I once had a friend tell me that she doesn't buy gifts for her parents because they don't need anything, and even if they did, they could go out and get it for themselves, so what’s the point? Reading that back, it bothers me even more than it did when she said it. Not one part of me needed Tretorn tennis shoes or a Liz Claiborne crossbody bag; my mother sacrificed because I wanted them. No, she will never tell me she wants anything, but there are definitely things she desires, and you better believe I will go out of my way to ensure she gets it all. This has nothing to do with money. It has everything to do with sentiment and love. I am 44 years old, and my brothers are 42, 41, and 38. Since my first Christmas in 1979, we have never missed a picture with a mall Santa Claus. Ever. Not when we were in high school, not two days after I had my tonsils taken out, not when I was pregnant, not even during Covid. Nope, we stood six feet from Santa Claus with masks on to ensure my mother's dream of having her annual picture of her four children and the man in the red suit wouldn't be crushed. Our reservation for 2023 is already on the books. Why? Because she deserves it. That's why.

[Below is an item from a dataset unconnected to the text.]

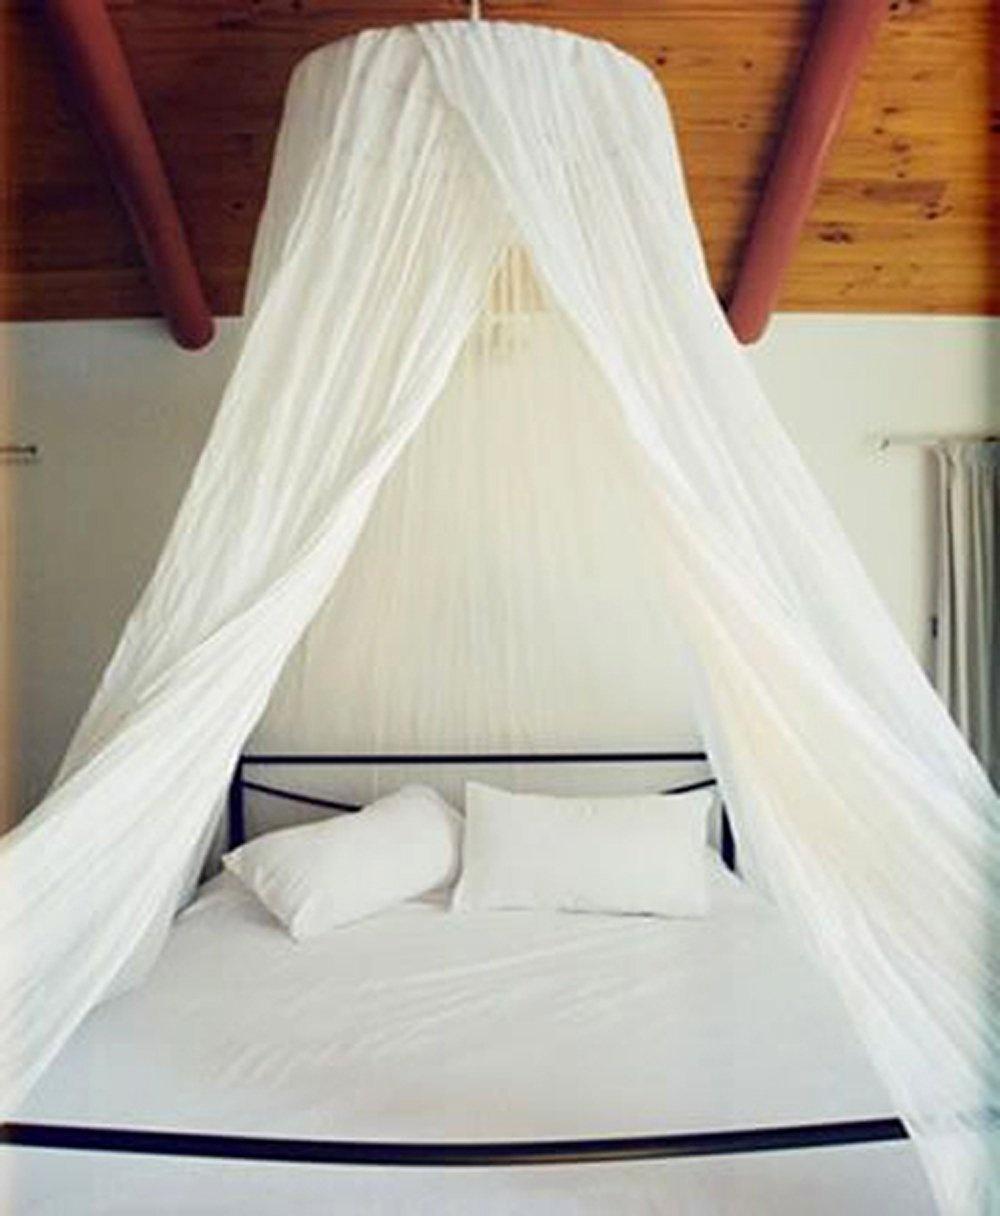 Dreamma Eletgant White Round Bed Canopy Mosquito Net

Do you know what else she deserves? Every other damn thing she wants. So does my dad. He worked 70 hours a week so that we could have the life we wanted. He wore a suit to work every day for 50 years. Today, he likes to wear sweatpants and Birkenstocks with socks. He's straightforward and simple, and they make him happy, so we keep him stocked. And he wants our mom to be happy, so if the four of us get that picture taken, it's enough for him. Now that I am hitting my mid-life stride, I realize that life is really so short. And now more than ever, I want my parents to realize how grateful I am. Friends, think about your mom and dad as you begrudgingly hop out of bed at 3 a.m. to move that godforsaken elf throughout the next few weeks. There may not have been elves way back when, but they spent hours waiting in line, got paper cuts from glitter wrapping paper, and there were days when you had a Happy Meal and didn't even notice they settled for a Coke and a smile so that they could afford those Guess Jeans everyone was wearing.
During the rush of the holiday season, I implore you to listen to your parents as intently as you listen to your kids. Book a photographer when you notice your mom gazing at her friends' big family pictures. When your dad compliments your meatloaf, remember it and invite him over the next time it's on the menu. Buy them those sweatshirts with all the grandkids' names on them, and let your dad wear it every damn day if he wants to. Those names are their legacy and their life's accomplishments, and they are so proud. You’re making the magic anyway, spread a little dust on the OG miracle workers. They made all our dreams come true our entire lives, they’ve more than earned it.